Indonesia merupakan negara yang memiliki wilayah laut lebih luas daripada
darat. Dengan demikian, kekayaan laut yang dihasilkan juga melimpah. Salah satu
hasil laut yang paling banyak adalah ikan. Namun, tingkat kosumsi ikan rata-rata
perkapita di Indonesia beberapa tahun lalu hanya 23 kg/orang/tahun, sedangkan di
Jepang mencapai 110 kg/orang/tahun. Padahal ikan merupakan sumber protein
tinggi, bahkan untuk jenis tertentu kandungan proteinnya lebih tinggi dari daging
(Atkins, 2007). Manfaat makan ikan sudah banyak diketahui orang, seperti di
negara Jepang dan Taiwan ikan merupakan makanan utama dalam lauk sehari-hari
yang memberikan efek awet muda dan harapan hidup lebih tinggi dari negara
lainnya. Namun biasanya ikan lebih cepat mengalami proses pembusukan karena
masih mengandung air yang banyak yang memungkinkan mikroba untuk tumbuh.

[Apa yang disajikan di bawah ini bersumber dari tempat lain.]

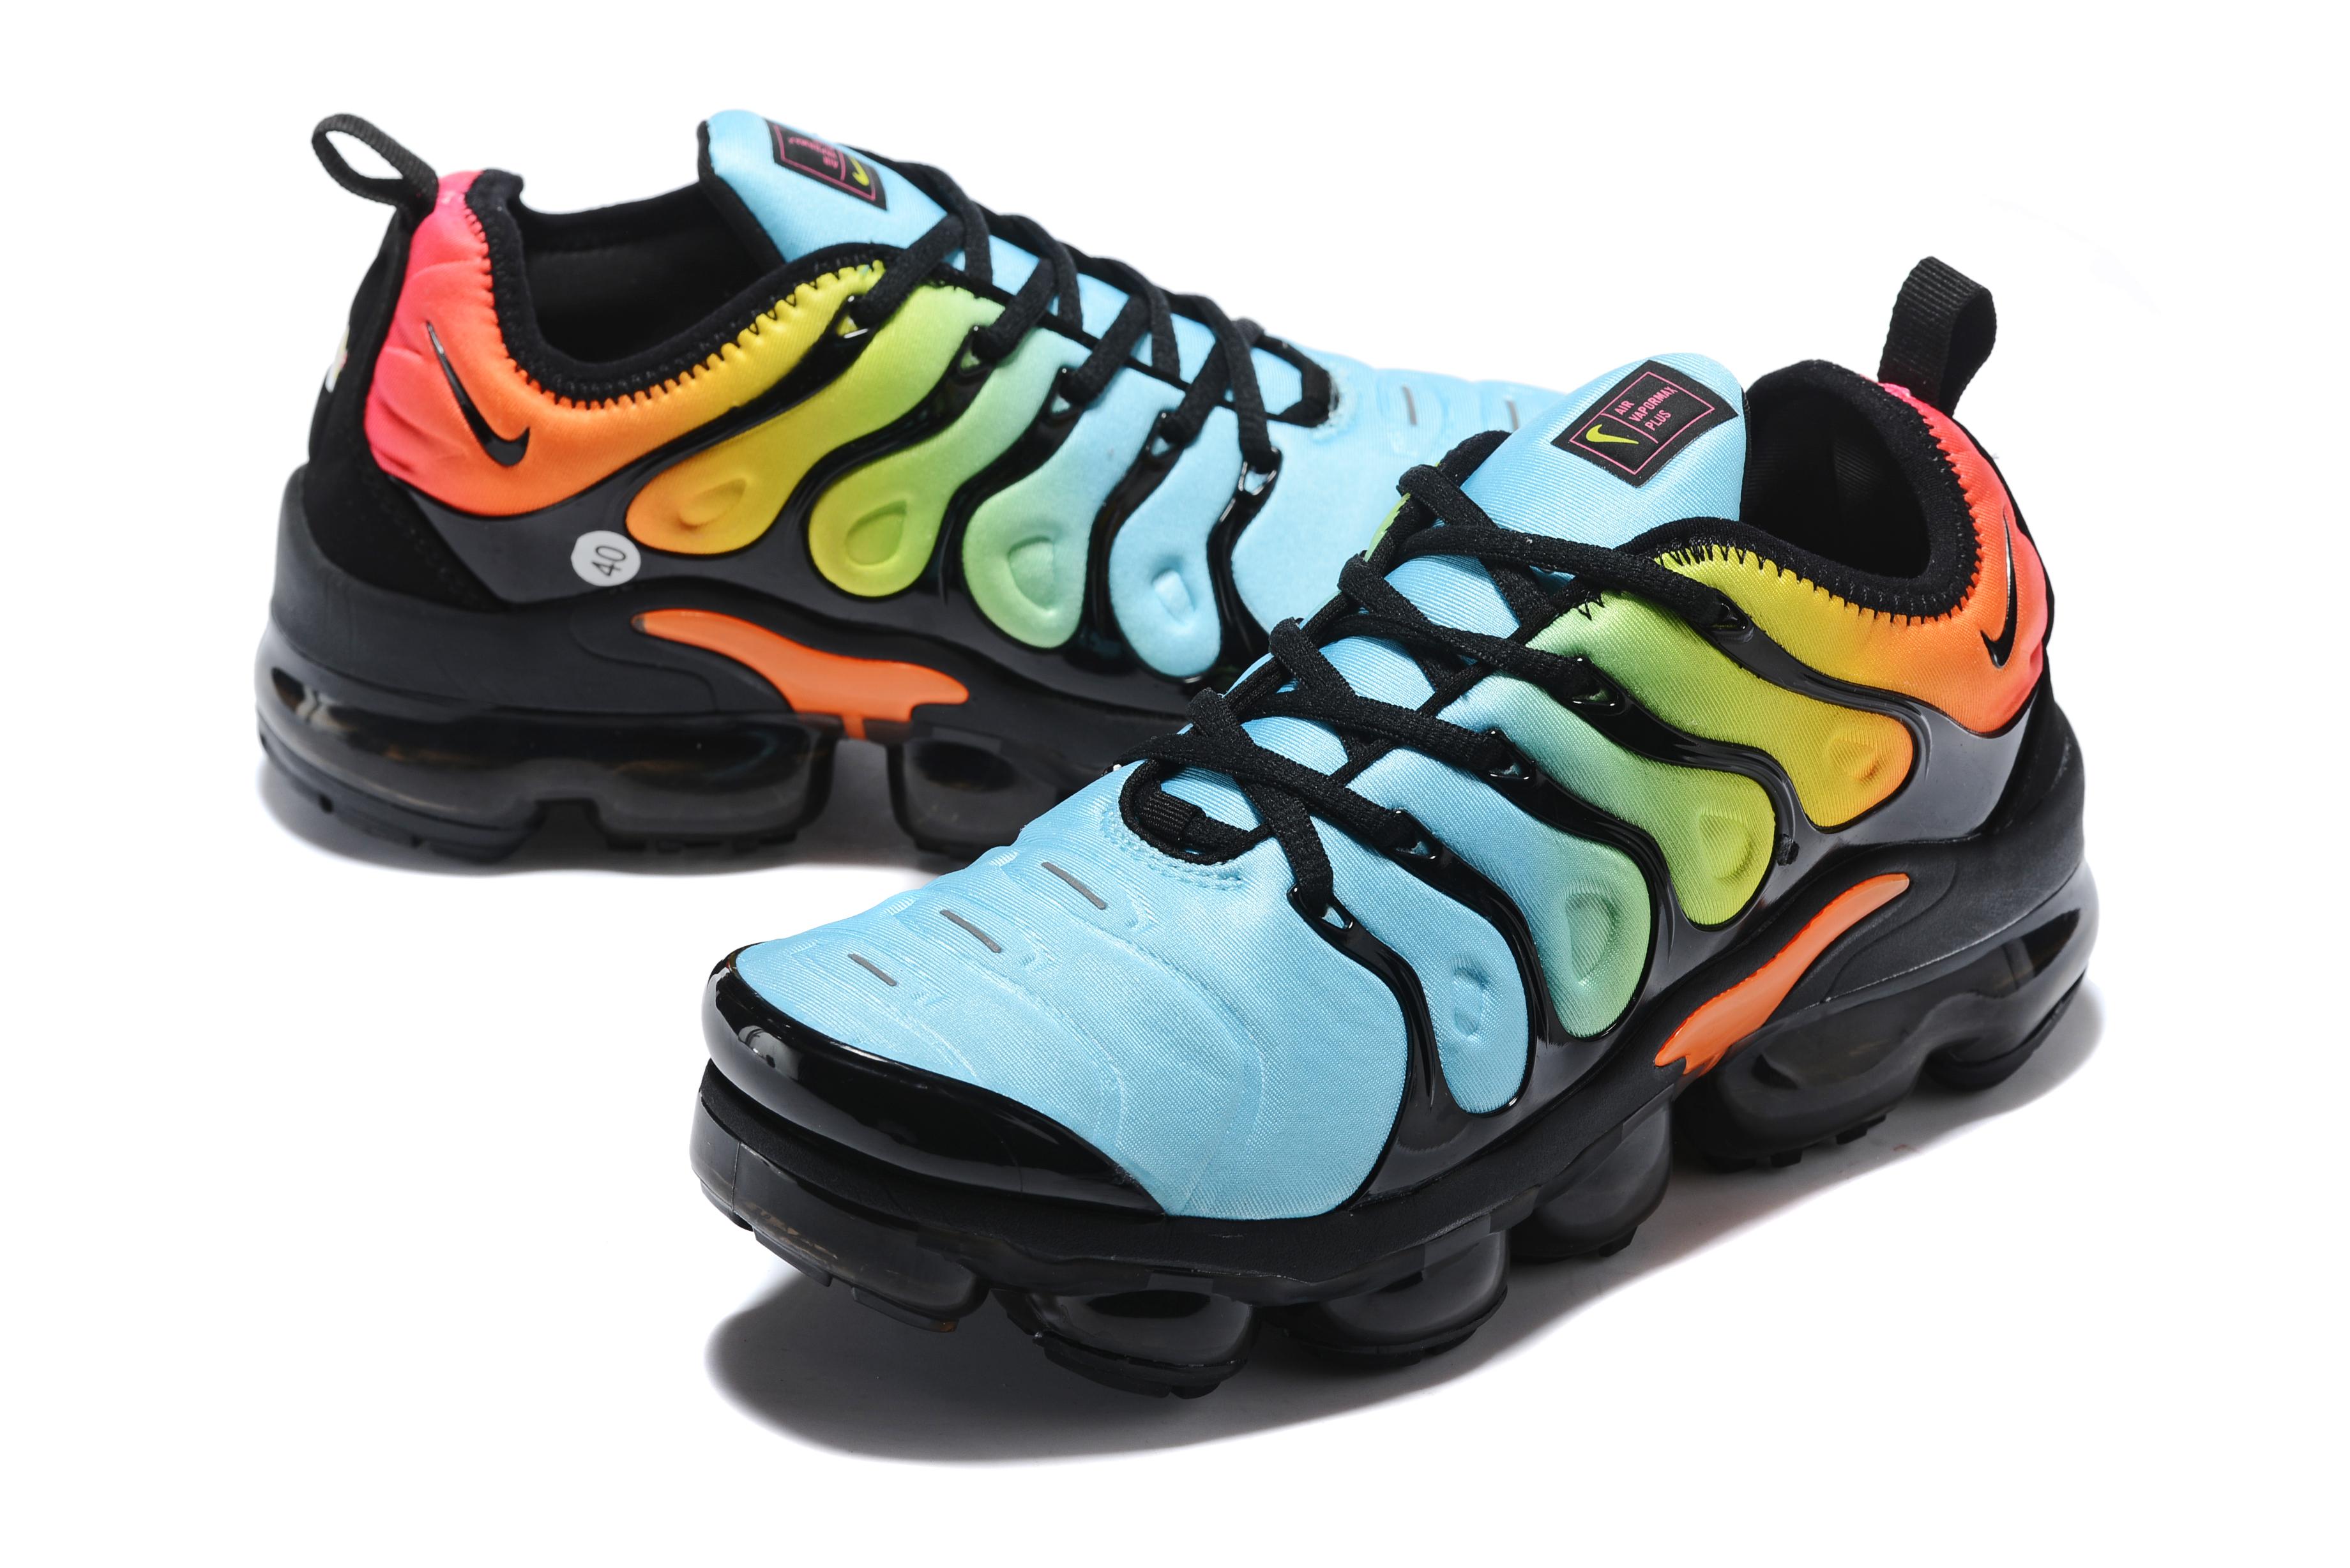 cheaper d18e4 df82d Nike Air Max TN Plus Jade Blue Orange Black Shoes For Women ...
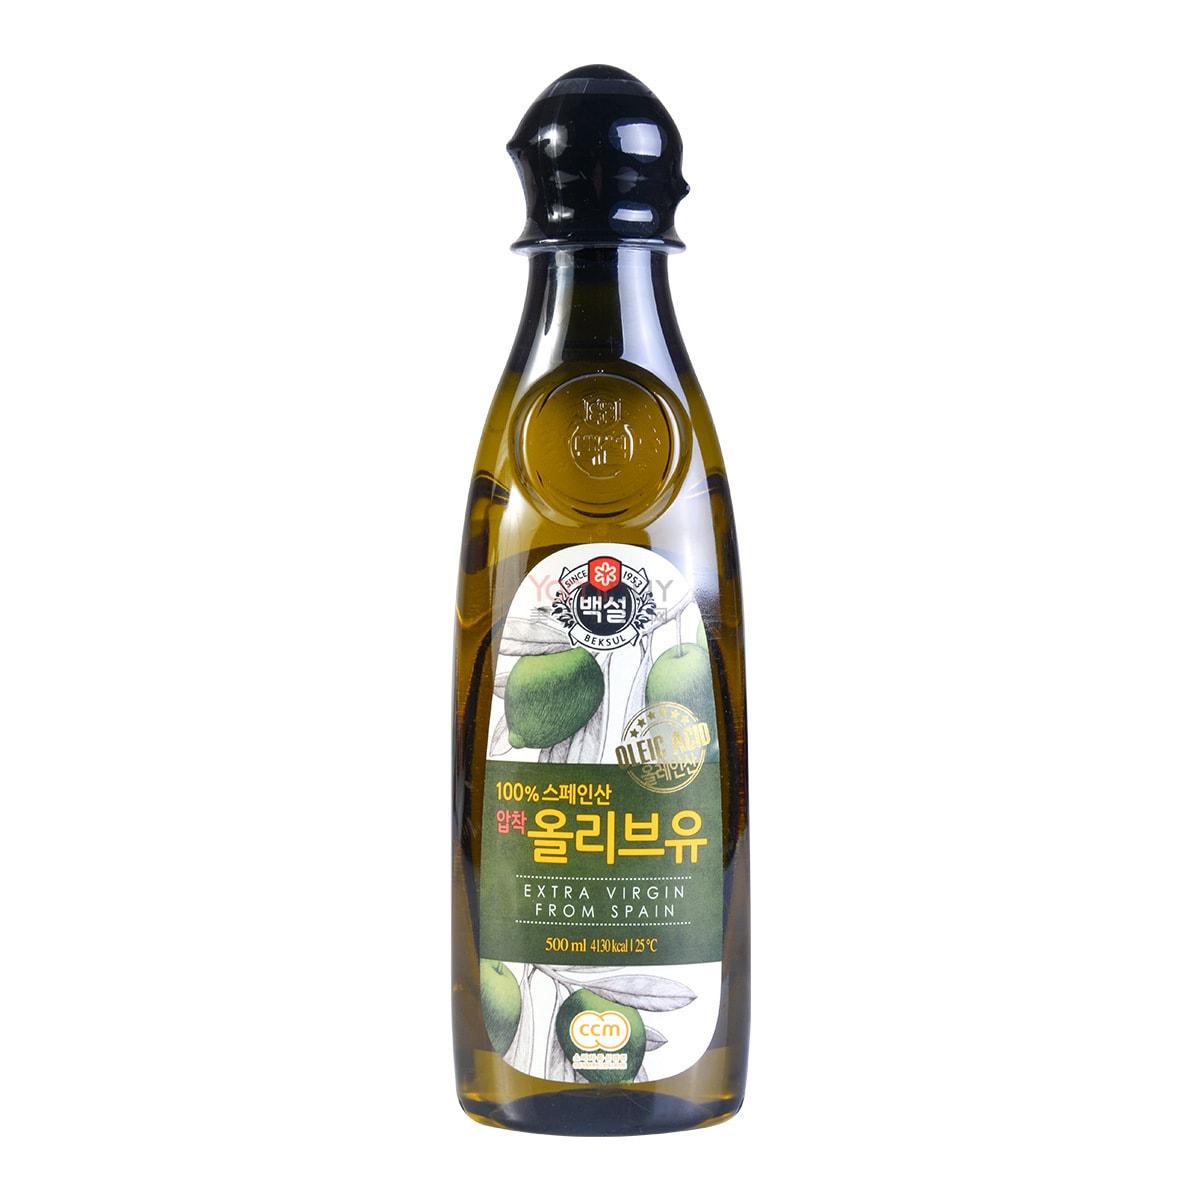 韩国CJ希杰 西班牙特级初榨橄榄油 500ml

Maka diperlukan pengolahan ikan agar ikan dapat dikonsumsi dalam bentuk lain
yang lebih awet. Penggolahan ikan dengan berbagai cara dan rasa menyebabkan
orang mengkonsumsi ikan lebih banyak.
Salah satu pengolahan ikan yang dapat meningkatkan umur simpan adalah
kerupuk. Kerupuk merupakan suatu jenis makanan kecil yang sudah lama dikenal
oleh sebagian besar masyarakat Indonesia. Kerupuk dapat dikonsumsi sebagai
makanan selingan maupun sebagai variasi dalam lauk pauk. Sebagai komoditi
dagangan kerupuk termasuk kedalam jenis produk industri yang mempunyai
potensi cukup baik. Saat ini pemasarannya berkembang tidak hanya di dalam
negeri, tetapi juga di luar negeri seperti Belanda, Singapura, Hongkong, Jepang,
Suriname dan Amerikan Serikat. Kerupuk dibedakan atas dua kelompok, yaitu
kerupuk kasar dan kerupuk halus. Kerupuk kasar dibuat dari bahan baku tepung
dengan penambahan bumbu- bumbu saja, sedangkan kerupuk halus dibuat dari
bahan baku tepung dan biasanya selain bumbu-bumbu juga ditambah bahanbahan lain, seperti udang, dan, telur, dan lain sebagainya (Setiawan, 1988).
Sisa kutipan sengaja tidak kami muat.